#### Provided data:
^^^^

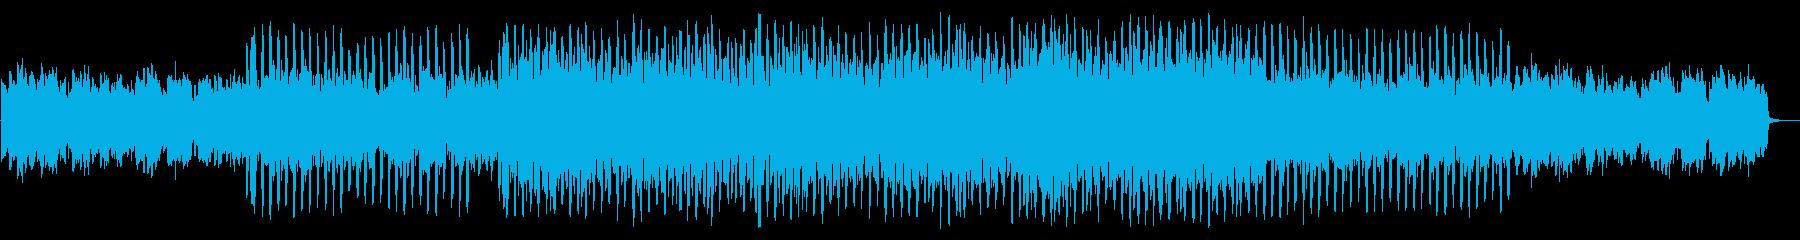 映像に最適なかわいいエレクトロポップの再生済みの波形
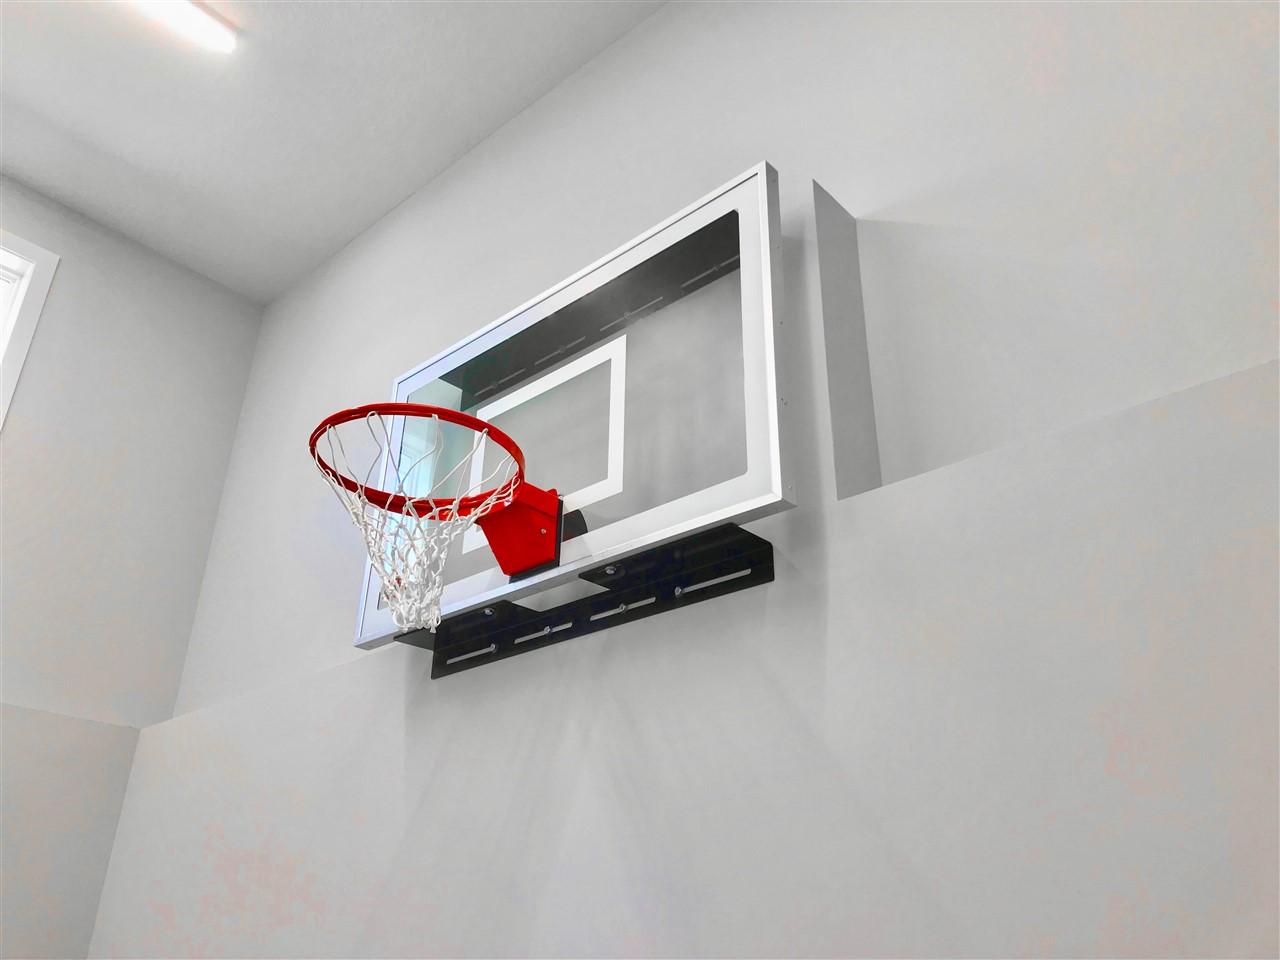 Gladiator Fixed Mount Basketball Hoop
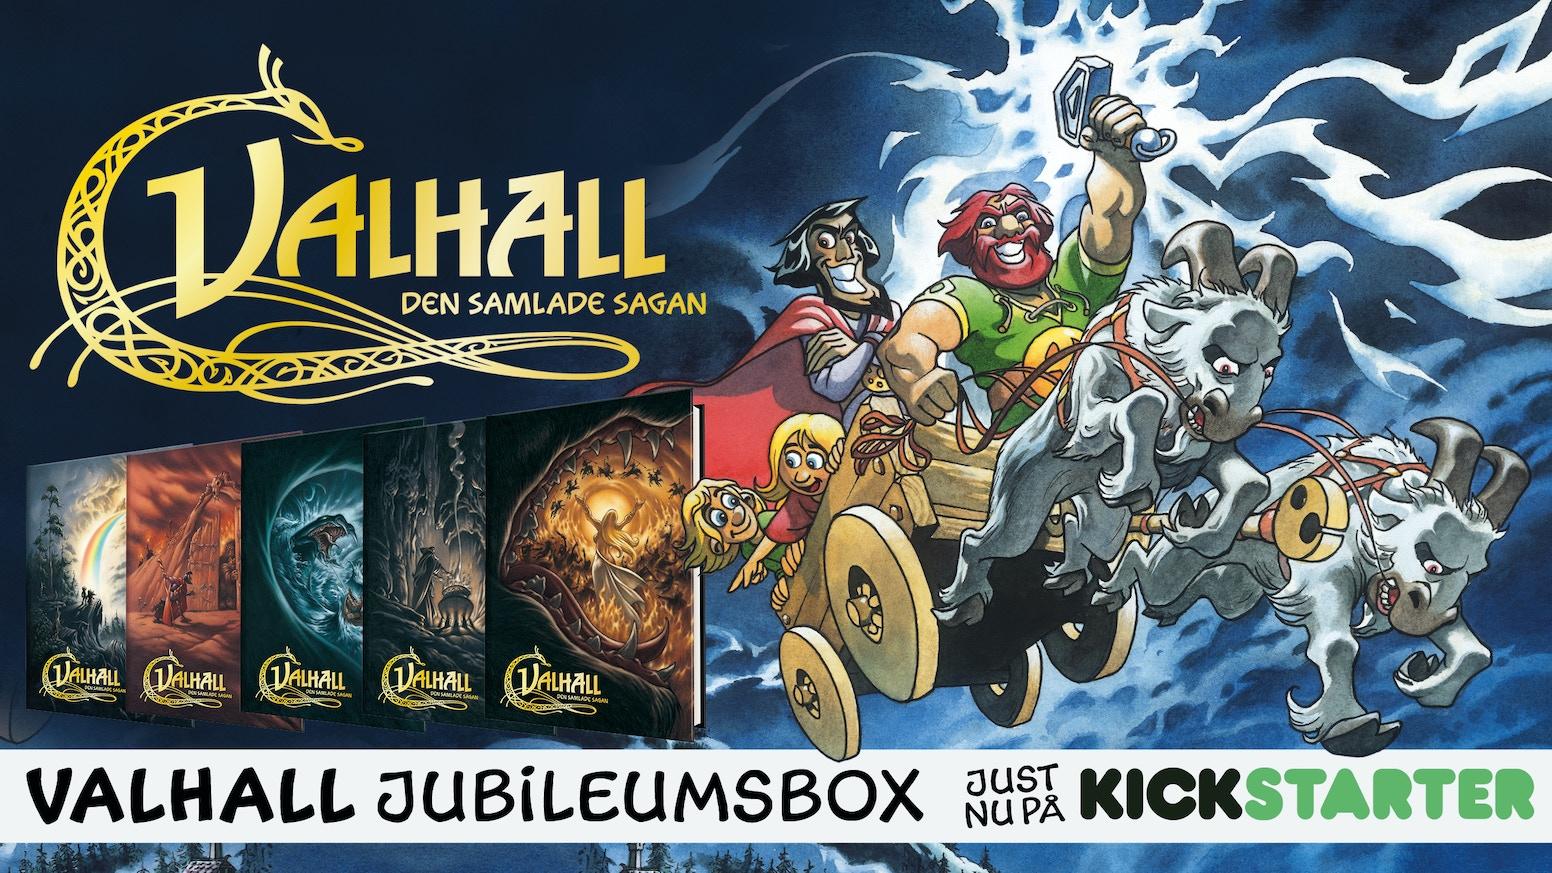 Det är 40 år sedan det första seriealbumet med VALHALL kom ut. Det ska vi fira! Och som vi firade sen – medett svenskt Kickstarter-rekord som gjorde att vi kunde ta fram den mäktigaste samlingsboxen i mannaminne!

^^^^

Should there be pictures in the data, leave them out and return the rest exactly.

 映像に最適なかわいいエレクトロポップの再生済みの波形
 Gladiator Fixed Mount Basketball Hoop
 Det är 40 år sedan det första seriealbumet med VALHALL kom ut. Det ska vi fira! Och som vi firade sen – medett svenskt Kickstarter-rekord som gjorde att vi kunde ta fram den mäktigaste samlingsboxen i mannaminne!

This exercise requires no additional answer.